An unlikely name has been popping up lately as a rare bright spot in the nation’s still-abysmal housing market: Detroit.

Among the nation’s top 20 metropolitan regions, only the Detroit and Washington areas posted annual home price increases, according to S&P/Case-Shiller home price data for October released this week. At 2.5 percent, Detroit’s gain was almost double the increase reported for the District, where unemployment and foreclosures have remained relatively low despite the financial crisis.

Improbable as it might seem, the Detroit area is seeing an increase in building permits. Construction firms are dusting off their equipment and returning to work, and bidding wars are breaking out over desirable homes.

“It is a rapid climb back,” said Howard Wial, a fellow for the Metropolitan Policy Program at the Brookings Institution, who with two colleagues published a paper recently about the economic recovery in America’s 100 largest metropolitan areas. “It’s not anywhere near a bounce back, but it’s something.”

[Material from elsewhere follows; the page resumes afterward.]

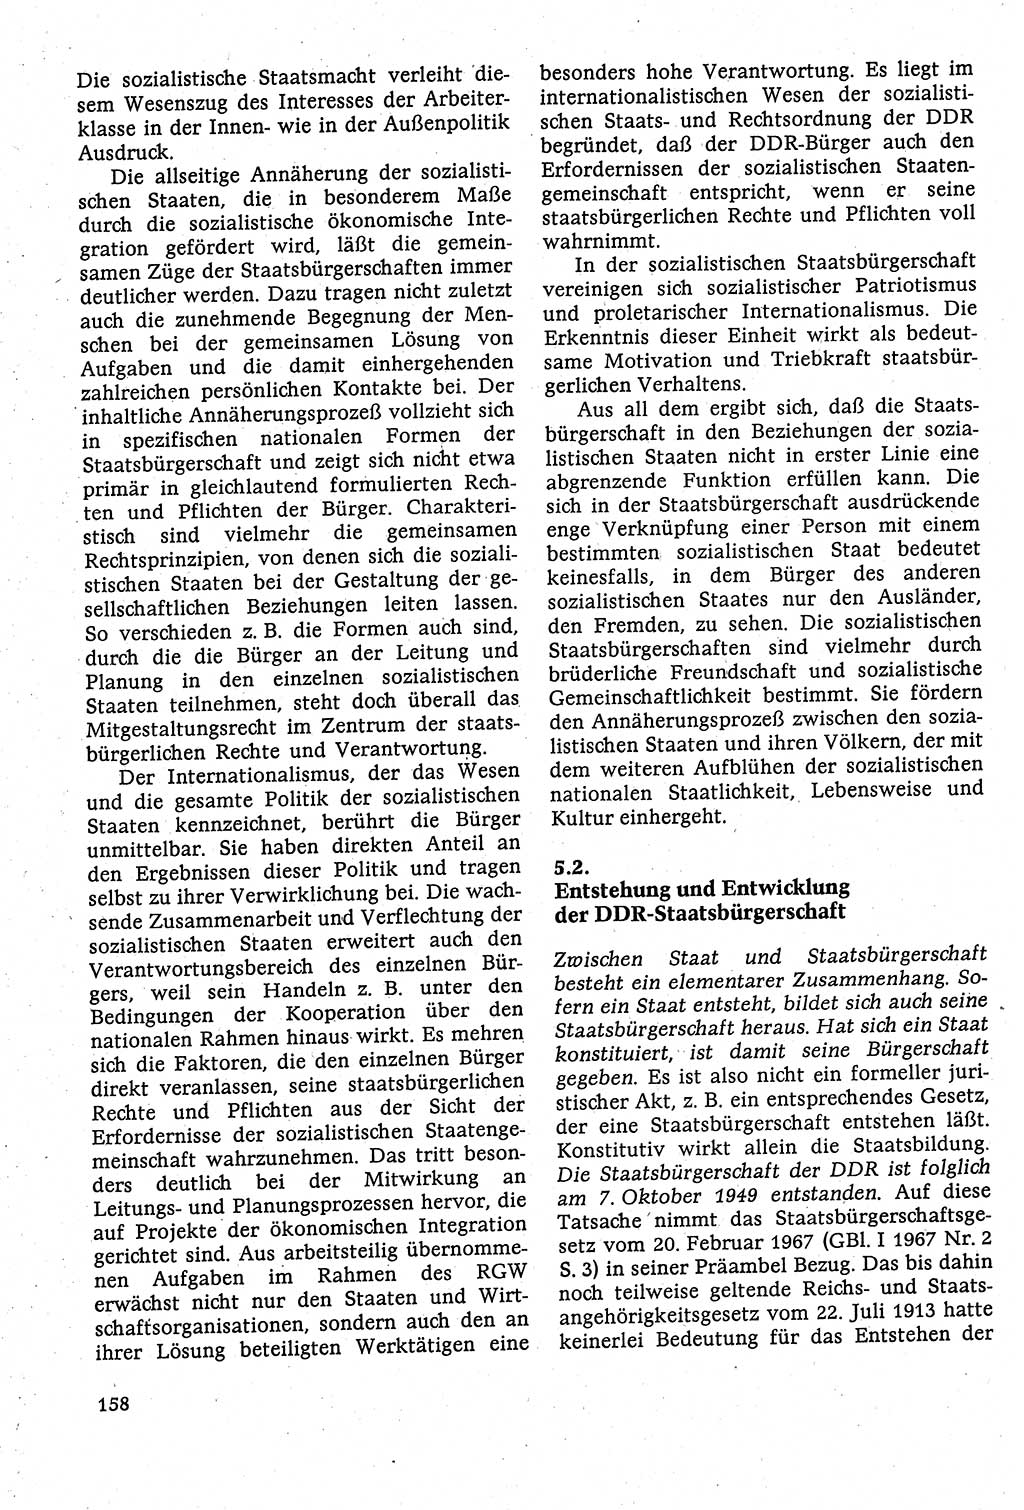 Staatsrecht der DDR [Deutsche Demokratische Republik (DDR)], Lehrbuch 1984, Seite 158 (St.-R. DDR Lb. 1984, S. 158)

Wial’s study listed the Detroit area as one of the 20 strongest-performing regions, along with several others near the Great Lakes, and he said the recent recovery has much to do with the growth in manufacturing and the resurrection of the domestic auto industry.

He said Detroit remains battered by the recession, but it has stabilized more rapidly than many other parts of the country since hitting bottom in 2009.

“Jobs are coming back; obviously not all the jobs that were lost, but there are a lot more jobs now than there were,” Wial said.

The increase in jobs, coupled with fewer foreclosures and fewer residents fleeing the area, has translated into an improved — and in some neighborhoods, even a hot — real estate market.

“This actually has been a record year for us,” said Andy Hargreaves, a Coldwell Banker real estate agent in Plymouth, Mich., who said he has seen sales double in the past year. “The interest in this area is the highest I’ve ever seen it.”

In part, the upturn is attributable to the laws of supply and demand. Parts suppliers to the auto industry and other employers have increased hiring, adding to the number of home buyers, he said. At the same time, although thousands of homes sit empty in the Detroit area, the inventory of move-in-ready homes has dwindled, causing a frenzy whenever one hits the market.

“A home that’s properly priced in move-in-ready condition will, almost in every case, have multiple offers and sell at or over asking price,” Hargreaves said. “Buyers are realizing if you don’t jump on it right away, you get beat out.”

Some businesses have shown a renewed willingness to remain rooted in Detroit. Quicken Loans bought a collection of downtown properties, and businesses, including some that depend on the automakers, have sought out new space.

“What we’re seeing now are companies saying: ‘I’ll sign a five-year lease. I’ll sign a 10-year lease,” said A.J. Weiner, an office broker for the Detroit branch of Jones Lang LaSalle. “That’s becoming more commonplace than the calls I was getting two years ago.”

Despite that encouraging turn, Weiner said Detroit still has plenty of real estate that “time has just forgotten” and has become a smaller market than it used to be.

Others offered similar caveats about the recent run of positive news, noting that Detroit has only begun limping toward recovery.

Detroit area home prices remain 40 percent below peak levels.

In the city, vacant properties make up 23 percent of the total housing stock, according to a recent government study, and the city has about 30,000 vacant homes dotting the landscape. In addition, Detroit’s population fell by a quarter between 2000 and 2010. The city government is on the verge of bankruptcy, in part because of its plummeting tax base and soaring pension costs.

“It’ll never be a full recovery to the size we were 10 years ago, but that’s okay,” Weiner said. ”We just need to stay on solid footing, and that potential really does exist.”